Crypto exchanges are dividing into two distinct camps as they compete to offer exposure to SpaceX ahead of its expected Nasdaq debut on 12 Jun, with the divide highlighting a broader disagreement over how traditional equities should be brought onto blockchain rails.
Crypto Exchanges Diverge on SpaceX Exposure Models
The IPO is reported to be more than four times oversubscribed, according to a Bloomberg report on 10 Jun, signalling the intense institutional demand for what could become the largest stock-market listing in history. Binance said its Stocks platform will enable whole-share limit orders for SpaceX (SPCX) beginning 12 Jun, allowing users to trade around the company’s anticipated listing. The move expands the exchange’s growing range of SpaceX-related products and comes as platforms rush to capture interest in what could become the largest IPO in history.
Synthetic exposure gains early traction
A growing number of venues, including Binance, Coinbase International, Hyperliquid and BitMEX are offering synthetic SpaceX products such as perpetual futures. These instruments allow traders to speculate on the company’s valuation without any claim on underlying shares.
For exchanges, the synthetic model offers clear operational advantages. Perpetual futures are already among crypto’s most liquid products and do not require custody of actual shares or direct links to traditional securities infrastructure. This simplicity has helped synthetic SpaceX contracts gain traction ahead of the listing, functioning effectively as markets for investor expectations and providing round-the-clock price discovery.
The trade-off is that users receive only economic exposure. They are betting on price movements rather than holding any representation of the underlying asset.
Tokenized products seek closer links to traditional markets
A second group of platforms is pursuing a more ambitious approach. Kraken and Bybit are offering tokenized SpaceX exposure through xStocks infrastructure and products issued by Backed Assets. These structures are designed to create tokens that are directly linked to underlying securities or security-backed certificates, rather than simply tracking price movements.
In this model, the tokenized product is intended to represent an actual claim on a share or a certificate backed by shares, with the issuer responsible for maintaining that link. Proponents argue this approach brings traditional equities closer to blockchain rails by enabling onchain representation of ownership, rather than pure price speculation.
Kraken has taken this further by partnering with Nasdaq to develop infrastructure that could eventually support tokenized equities, continuous 24/7 trading and blockchain-based settlement. The goal is to create systems where traditional securities can eventually be issued, traded and settled directly on blockchain networks.
However, this model also introduces greater operational and regulatory complexity. Tokenized equity products require custody arrangements, reconciliation with traditional securities systems and mechanisms to handle corporate actions such as dividends or voting rights. Liquidity can also be more limited than in synthetic markets, as these products depend on the underlying share supply and issuer infrastructure.

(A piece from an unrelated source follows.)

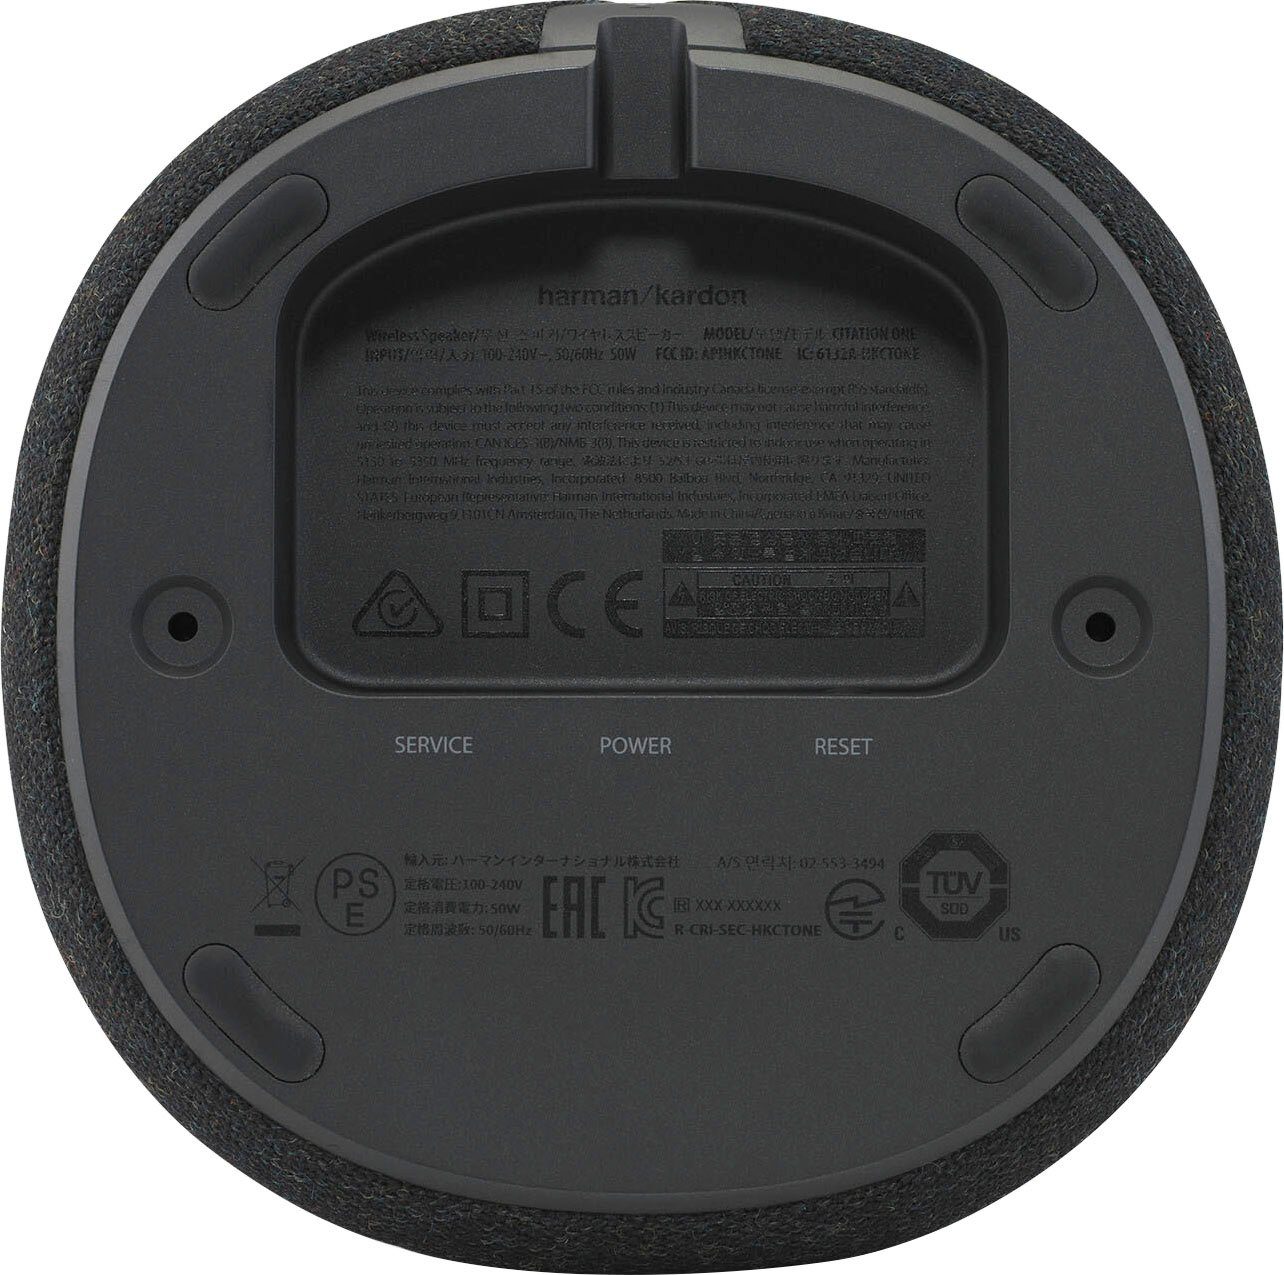 Stereo 40 Citation Bluetooth-Lautsprecher ONE 2 W, schwarz Harman/Kardon WLAN, MKIII Stück) (Bluetooth, DUO

Regulatory questions remain unresolved
Regulatory treatment of tokenized equities is still evolving. The US Securities and Exchange Commission (SEC) has been examining how these products should fit within existing securities frameworks, particularly around custody, disclosure and investor protection. In Europe, regulators have warned that some tokenized stock offerings may confuse investors by providing economic exposure without granting traditional shareholder rights.
Market participants have also raised concerns that many tokenized equity structures expose investors primarily to the credit risk of the issuer, while offering limited direct recourse to the underlying company. These issues have made some institutions cautious about adopting tokenized equity products at scale, even as demand for exposure to high-profile IPOs such as SpaceX continues to grow.
Proving ground for onchain equities
For now, SpaceX has become the industry’s first major test case. As exchanges compete to attract traders around the IPO, the contest is no longer simply about who offers access first. It is increasingly a question of whether investors prefer liquid synthetic exposure or asset-backed products designed to integrate traditional equities into blockchain markets – and whether regulators will ultimately favour one model over the other.